Self Portrait

Bern lies in the heart of one of the most beautiful cantons of Switzerland, a gorgeous walled city center now recognized as a UNESCO World Heritage Site. At the beginning of the 16th century when one Niklaus Manuel Deutsch was born, the city had survived numerous plagues and long periods of political repression.

I came to the city to find out more about this elusive artist. Before heading out for the day, I decided to enjoy a coffee at Adriano’s Bar and Cafe, just around the corner from the Zytglogge, a marvelous late Medieval clock tower, and symbol of the city. Records indicate the artist purchased a home on the Gerechtigkeitsgasse, #72, just steps from my cafe. It was a blustery winter day, and I saw only a few people braving the cold. I always feel the history of European places during periods of dark weather; perhaps it is the lack of people on the streets, the gray sky, the gray pavers, and the warm illumination emanating from cafes, homes, and businesses that brings on this historical melancholy.

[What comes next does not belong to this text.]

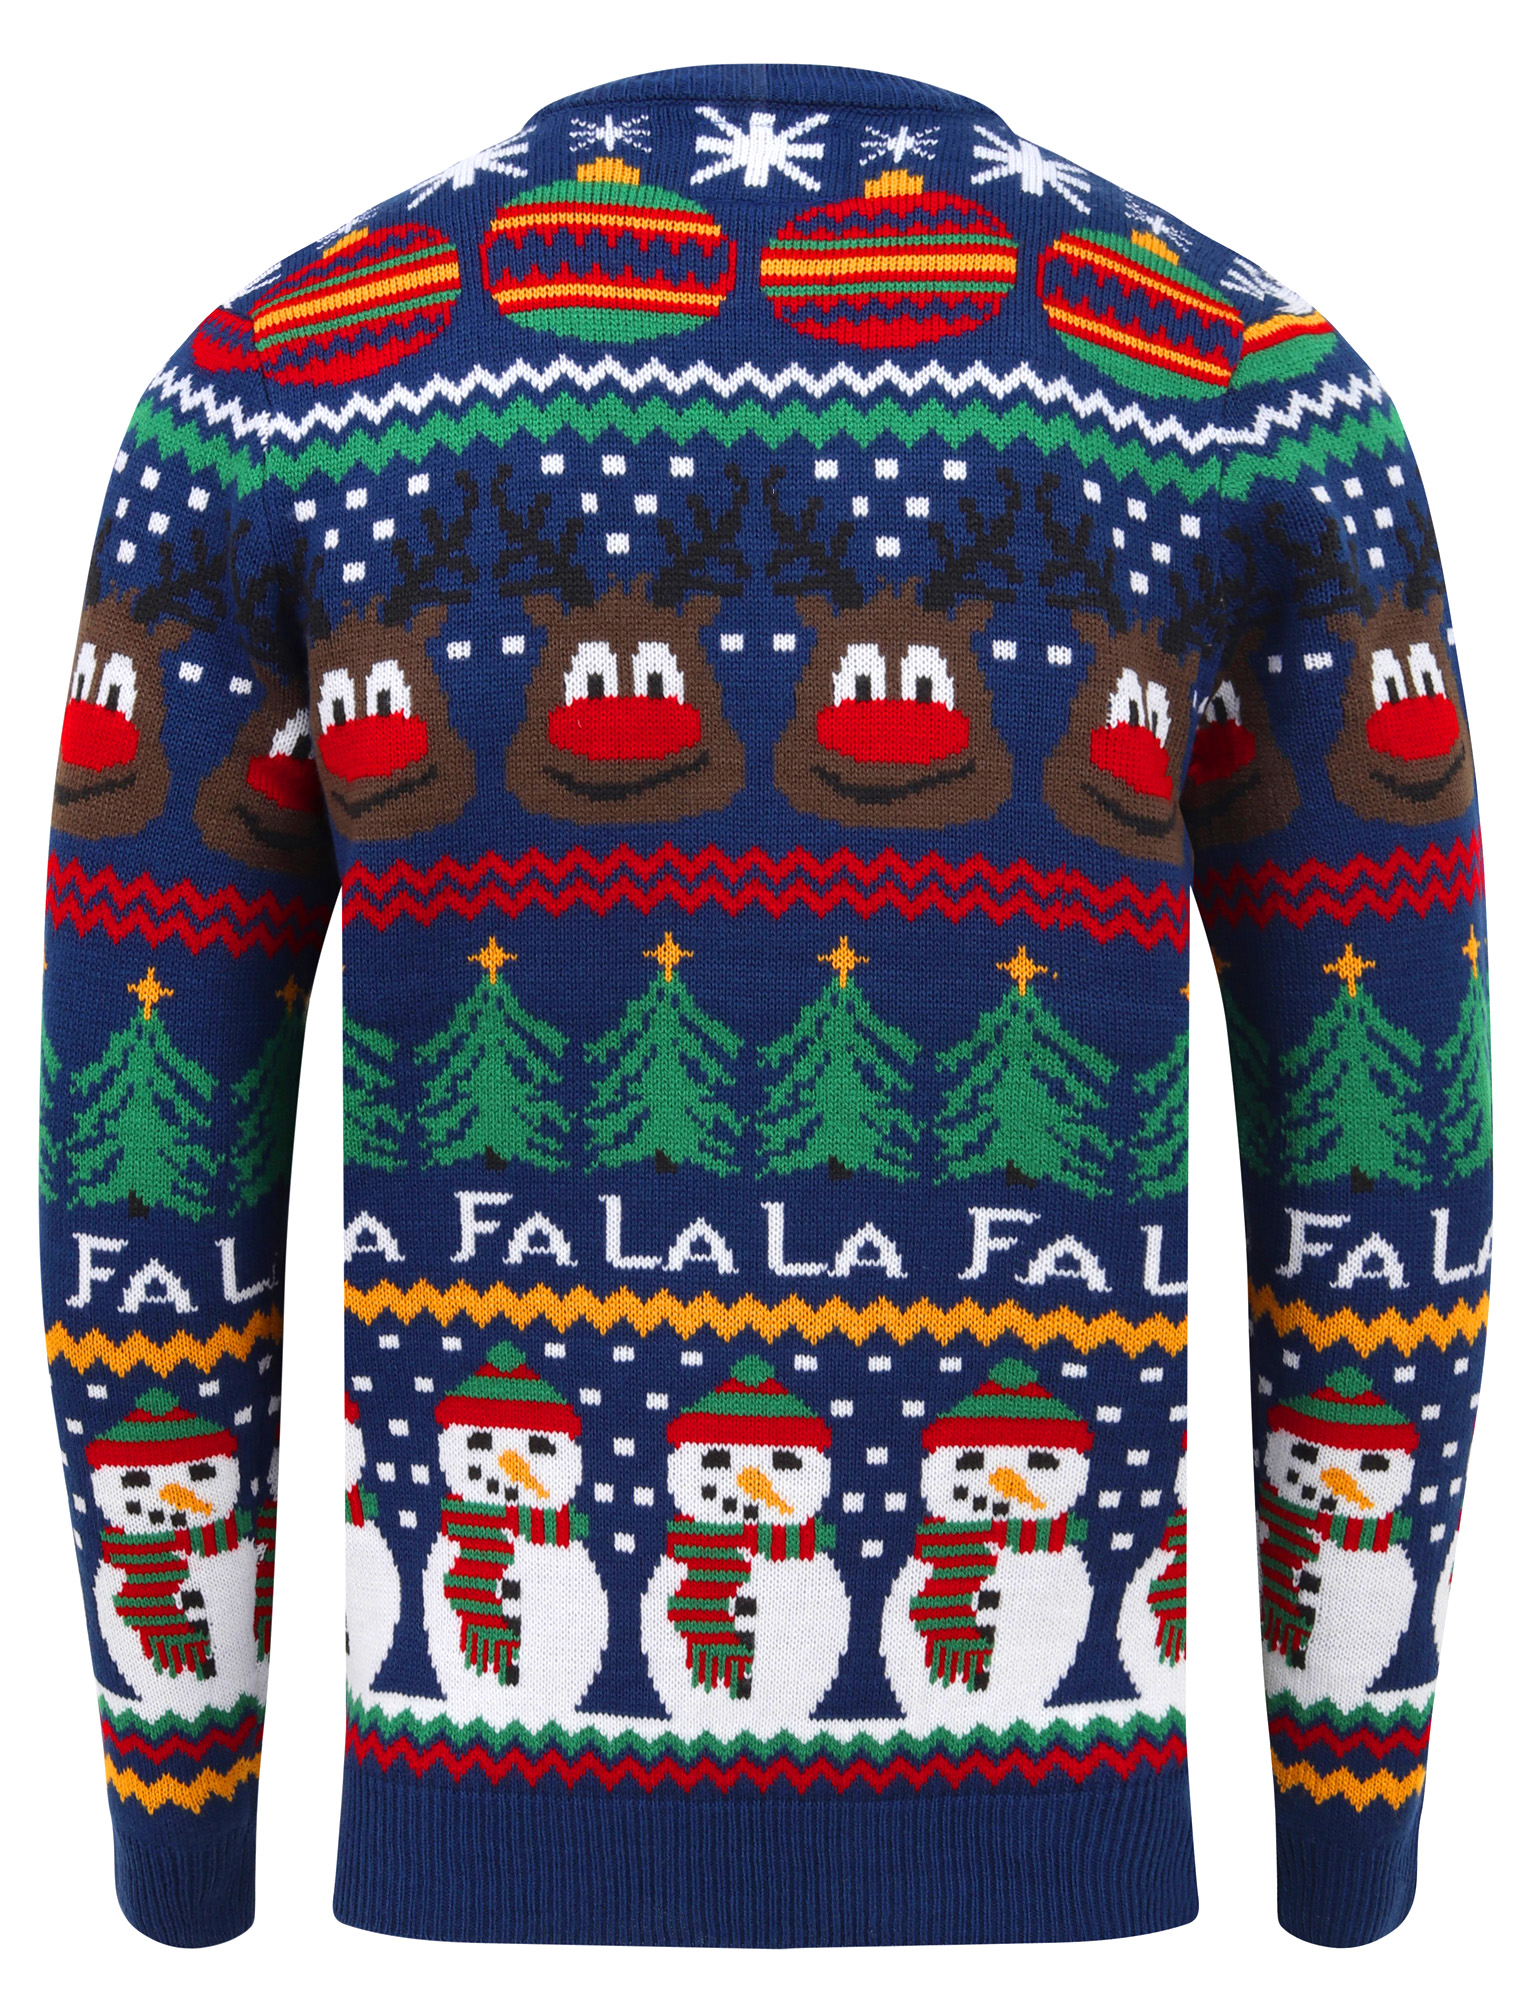 Christmas Jumper Men S Light Up Led Xmas Reindeer Snowman Fairisle Sweater Top Ebay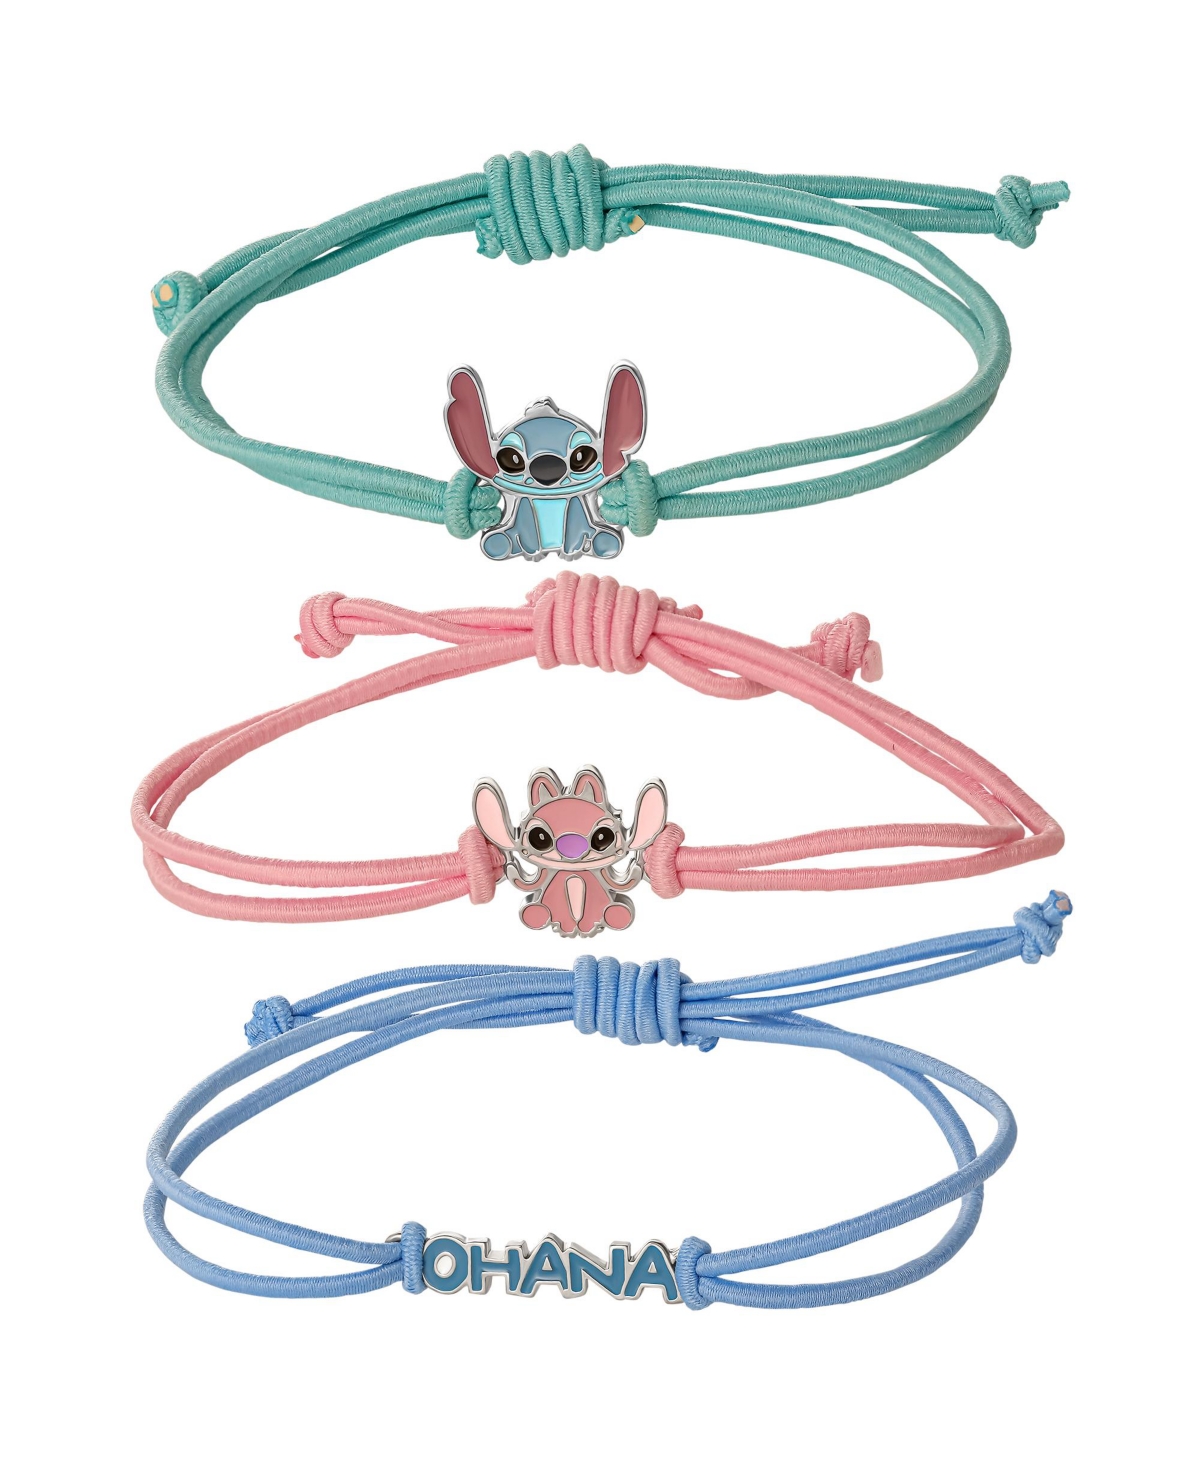 Lilo and Stitch Fashion Stitch Cord Bracelet Set Of 3 - Blue, pink, green

Regardless, after a piping hot coffee, I walked through the city center’s narrow lanes to the location of Niklaus’ home. The structure still stands, though now framed by a beer hall and other businesses. Try as I might to imagine the family’s life in the 16th Century, the passing trams and noises from local businesses made such images impossible. Still, this lovely city retains a great sense of its Medieval and Renaissance feel. The city center and lovely promenades that line a wide curve of the Aare River evoke both an understanding of the care the Swiss give to their beloved cities, and also a better understanding of how commerce moved, and still moves, across Europe.

Franzoesische Kirche in Bern

As I arrived at the Nydeggbrucke, a lovely bridge that spans the Aare, I stopped to imagine a city whose art was influenced by both Manuel Deutsch and Holbein. I referred to a notebook I carry with me across Europe and reviewed some of the history of one of Bern’s beloved Renaissance sons.

Niklaus was born into a middle class family. His father, Emanuel, emigrated to this area of Switzerland from the Piedmont of Italy and worked as an apothecary. His mother, despite conflicting research, was most likely the illegitimate daughter of a Bern city scribe and city council member.

Stained Glass in Franzoesische Kirche

Occasional commissions given to Niklaus were varied. The Dominican Abbey housed his most well known work, a fresco on a cemetery wall, c.1516 – 1517. The work was destroyed in the 17th Century, but not before another artist, Albrecht Kauw, made a copy. The Abbey, following the reformation, was named the Frazosische Kirche in honor of the French speaking Protestants of the city. Later still, the Huguenots who fled persecution in France worshiped in this church.

Niklaus entered mercenary service to fight in the War of the League of Cambrai. After his return from that conflict, he moved his career away from painting to become well known as an author and playwright. His harsh criticism of the Pope, particularly Pope Leo X, a Medici, was reflected in two plays written for Fasnachtsspiele. Those plays have been credited for having great influence in moving the Swiss citizens to Reformation. Niklaus returned to the city following his mercenary career in 1528 and traced his father’s footsteps, serving as a member of the city council of the city until his death in 1530.

Clock Tower, Bern

The winds picked up on the bridge, and so I strolled eastward toward the Bärengraben, one of the most visited sites in the city. Bern, or bear, is the symbol of the Bern Canton, and the city now has a round pit in which several bears cavort and perform for the interested visitor. My destination, however, was the Brasserie Bärengraben, one of the city’s best restaurants, located just across the avenue from the Bärengraben. As I entered the welcome warmth of this Brasserie, I placed my notebook back in my shoulder satchel, sat, and enjoyed a marvelous meal.

As you visit any city in Europe, remember that history’s famous daughters and sons created the cultural soul of these places we have the privilege to enjoy. Surprises abound, much like the story of Niklaus Manuel Deutch. Keep searching!